2014 Power Operations Achievements

  • Safety Performance:
    - Maintained top quartile7 safety metrics: 0.64 total recordable incident rate
  • Availability Performance:
    - Achieved low fleetwide forced outage factor: 1.9%
    - Delivered exceptional fleetwide starting reliability: 98.6%
  • Power Generation:
    - Provided approximately 6 million MWh of renewable baseload generation from our Geysers geothermal plants for the 14th consecutive year
    - Guadalupe, Hidalgo and Bethlehem energy centers: 100% starting reliability

___________

7 According to EEI Safety Survey (2013).

2014 Commercial Operations Achievements:

  • Customer-oriented Growth: During 2014, we entered into the following new contracts:

    West:
    - A ten-year PPA, subject to approval by the California Public Utilities Commission (CPUC), with Southern California Edison (SCE) to provide 225 MW of capacity and renewable energy from our Geysers assets commencing in June 2017
    - A ten-year PPA with the Sonoma Clean Power Authority to provide 15 MW of renewable power from our Geysers assets commencing in January 2017. The capacity under contract will vary by year, increasing up to a maximum of 50 MW for years 2024 through 2026
    - A three-year resource adequacy contract with SCE for our Pastoria Energy Facility commencing in January 2016. The capacity under contract will initially be 238 MW and will increase to 476 MW during the final year of the contract
    - A two-year resource adequacy contract with SCE for our Delta Energy Center for 500 MW of capacity commencing in January 2017

    Texas:
    - A six-year PPA with the City of San Marcos to provide power from our Texas power plant fleet commencing in July 2015
    - A two-year PPA with Pedernales Electric Cooperative to provide approximately 70 MW of power from our Texas power plant fleet commencing in August 2016
    - A one-year PPA with Guadalupe Valley Electric Cooperative to provide approximately 270 MW of power from our Texas power plant fleet commencing in June 2016

    East:
    - A five-year PPA with Dairyland Power Cooperative to provide capacity and energy from our RockGen Energy Center commencing in June 2018. The capacity under contract will initially be 135 MW, and then will increase to 235 MW for the final four years of the contract
    - A PPA with a term of 27 months with Duke Energy Florida, Inc., to provide 515 MW of power and capacity from our Osprey Energy Center, which commenced in October 2014. The capacity under contract increased to 580 MW beginning in January 2015

2015 FINANCIAL OUTLOOK

(in millions, except per share amounts)

Full Year 2015
Adjusted EBITDA $ 1,900 – 2,100
Less:
Operating lease payments 35
Major maintenance expense and maintenance capital expenditures(1) 395
Cash interest, net(2) 630
Cash taxes 25
Other 5
Adjusted Free Cash Flow $ 810 – 1,010
Per Share Estimate (diluted) $ 2.10 – 2.60
Debt amortization(3) $ (360 )
Growth capital expenditures (net of debt funding) $ (355 )

________

(1) Includes projected major maintenance expense of $235 million and maintenance capital expenditures of $160 million in 2015. Capital expenditures exclude major construction and development projects.

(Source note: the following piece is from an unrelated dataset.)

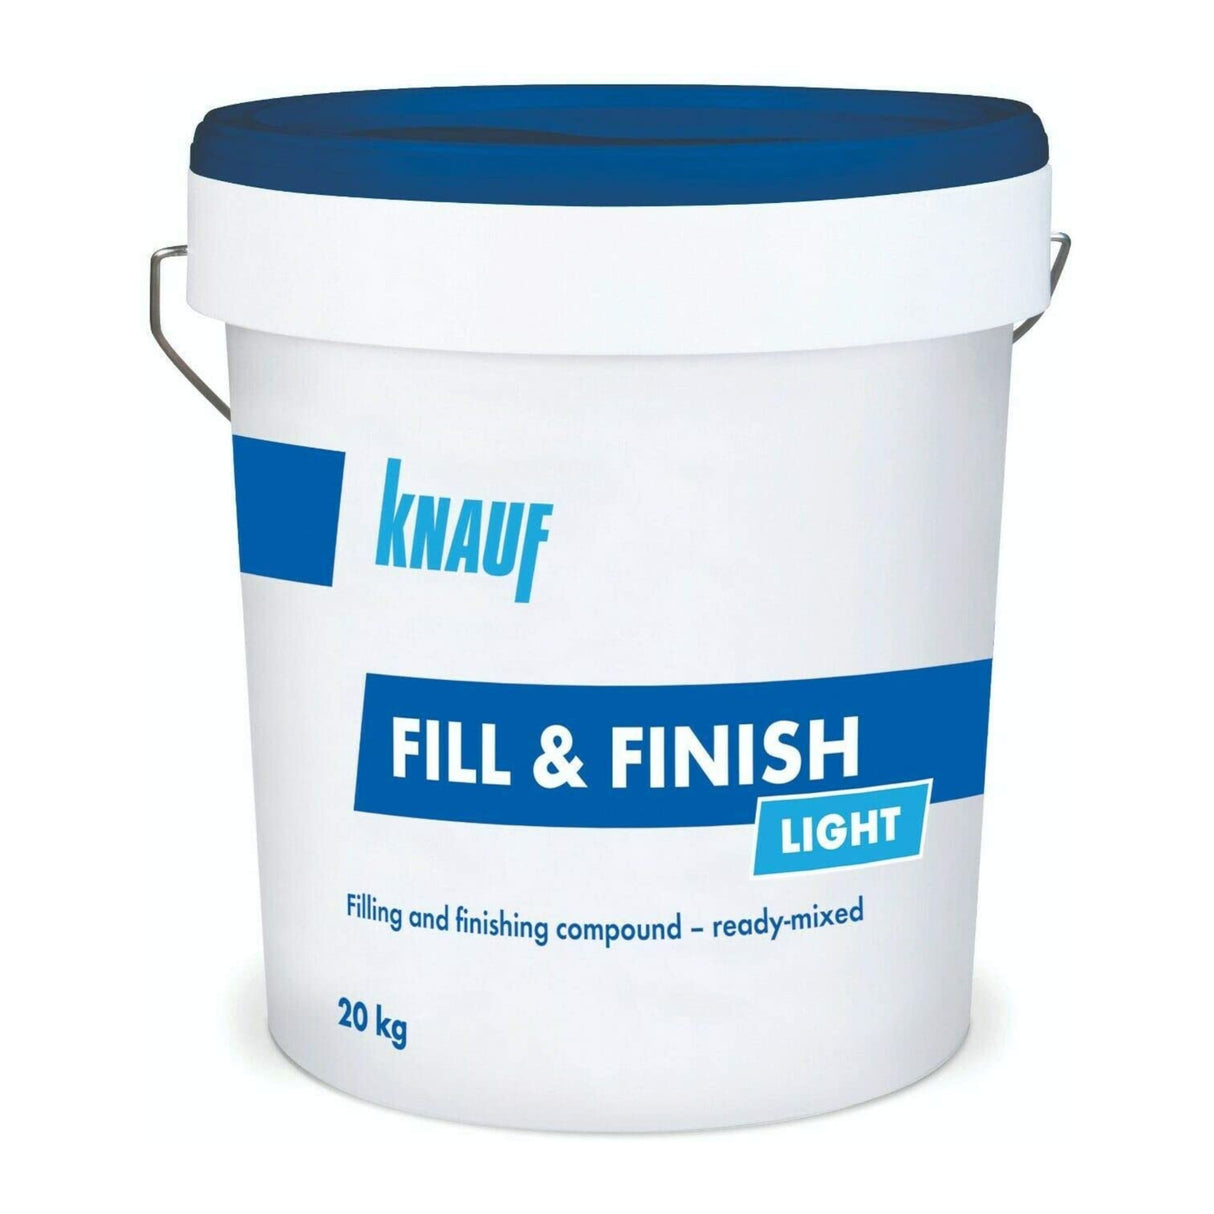 Knauf Fill and Finish Light Ready Mixed Compound - 20Kg (6702728806579)

(2) Includes commitment, letter of credit and other bank fees from both consolidated and unconsolidated investments, net of capitalized interest and interest income.

(3) Includes the repurchase of approximately $150 million of our 2023 First Lien Notes in February 2015.

As detailed above, today we are reaffirming our 2015 guidance. We expect Adjusted EBITDA of $1,900 million to $2,100 million, Adjusted Free Cash Flow of $810 million to $1,010 million and Adjusted Free Cash Flow Per Share of $2.10 to $2.60. We also expect to invest $355 million in our ongoing growth-related projects during the year, including the expected completion of our Garrison Energy Center and the commencement of construction of our York 2 Energy Center.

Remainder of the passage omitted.